The critical 1-arm exponent for the ferromagnetic Ising model on the Bethe lattice

TL;DR

This paper rigorously determines the critical 1-arm exponent for the ferromagnetic Ising model on Bethe lattices, showing the root magnetization decays as n^{-1/2} at criticality, revealing precise critical behavior.

Contribution

The paper provides a rigorous proof that the critical 1-arm exponent for the Ising model on regular trees is 1/2, a key quantitative characterization of critical decay.

Findings

Root magnetization decays as n^{-1/2} at criticality.

Establishes the critical 1-arm exponent as 1/2 for the Ising model on Bethe lattices.

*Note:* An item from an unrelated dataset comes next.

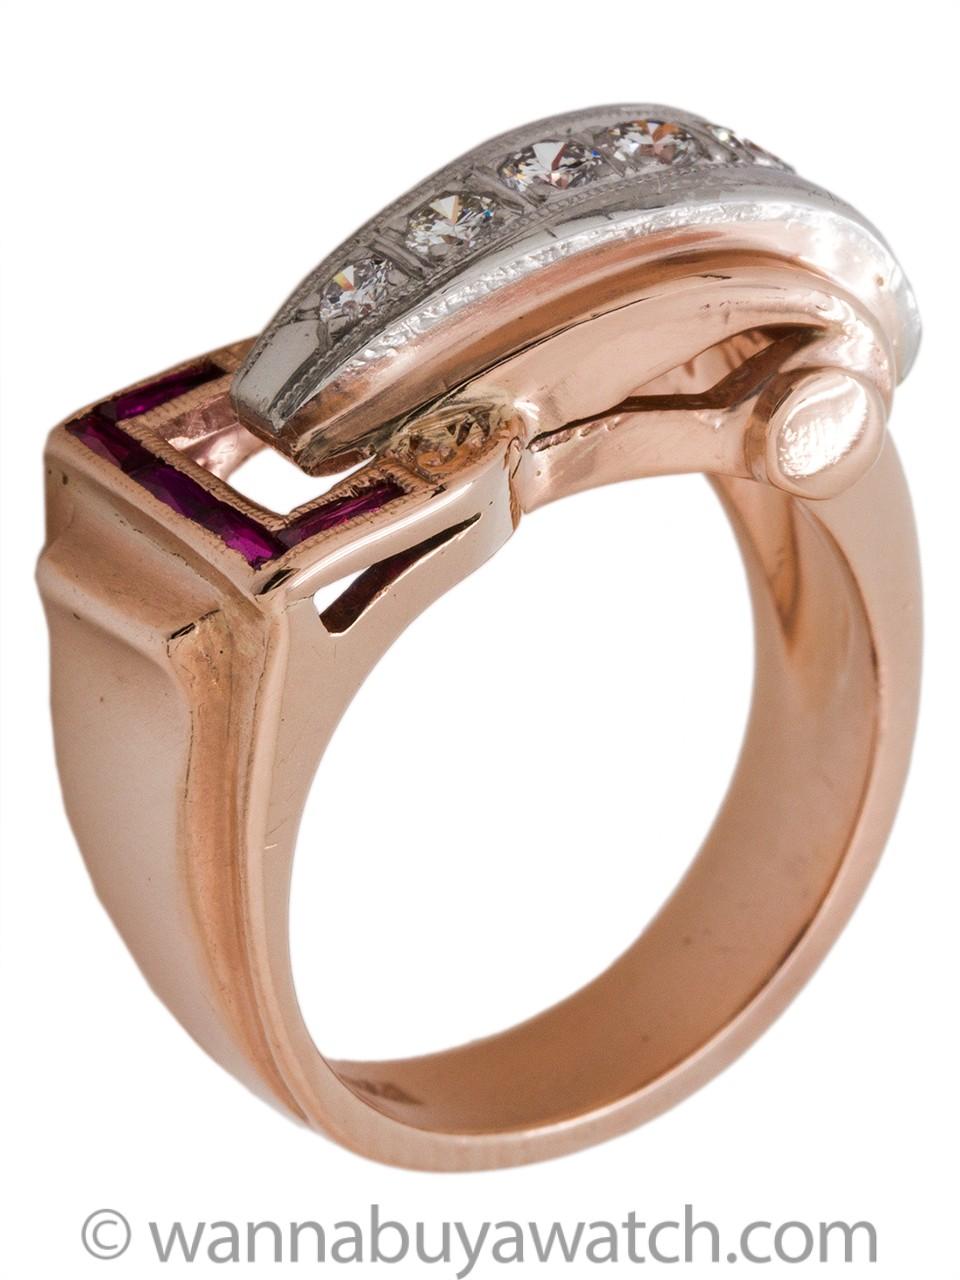 Vintage Retro 14K PG & WG Diamond Ruby Ring 0.25ct circa 1940s

Provides a sharp quantitative description of the decay rate of magnetization.

Abstract

We consider the ferromagnetic nearest-neighbor Ising model on regular trees (Bethe lattice), which is well-known to undergo a phase transition in the absence of an external magnetic field. The behavior of the model at critical temperature can be described in terms of various critical exponents; one of them is the critical 1-arm exponent $\rho$, which characterizes the rate of decay of the (root) magnetization. The crucial quantity we analyze in this work is the thermal expectation of the root spin on a finite subtree, where the expected value is taken with respect to a probability measure related to the corresponding finite-volume Hamiltonian with a fixed boundary condition. The spontaneous magnetization, which is the limit of this thermal expectation in the distance between the root and the boundary (i.e. in the height of the subtree), is known to vanish at criticality. We are interested in a quantitative analysis of the rate of this convergence in terms of the critical 1-arm exponent $\rho$. Therefore, we rigorously prove that $\langle\sigma_0\rangle^+_n$, the thermal expectation of the root spin at the critical temperature and in the presence of the positive boundary condition, decays as $\langle\sigma_0\rangle^+_n\approx n^{-1/2}$ (in a rather sharp sense), where $n$ is the height of the tree. This establishes the 1-arm critical exponent for the Ising model on regular trees ($\rho=1/2$).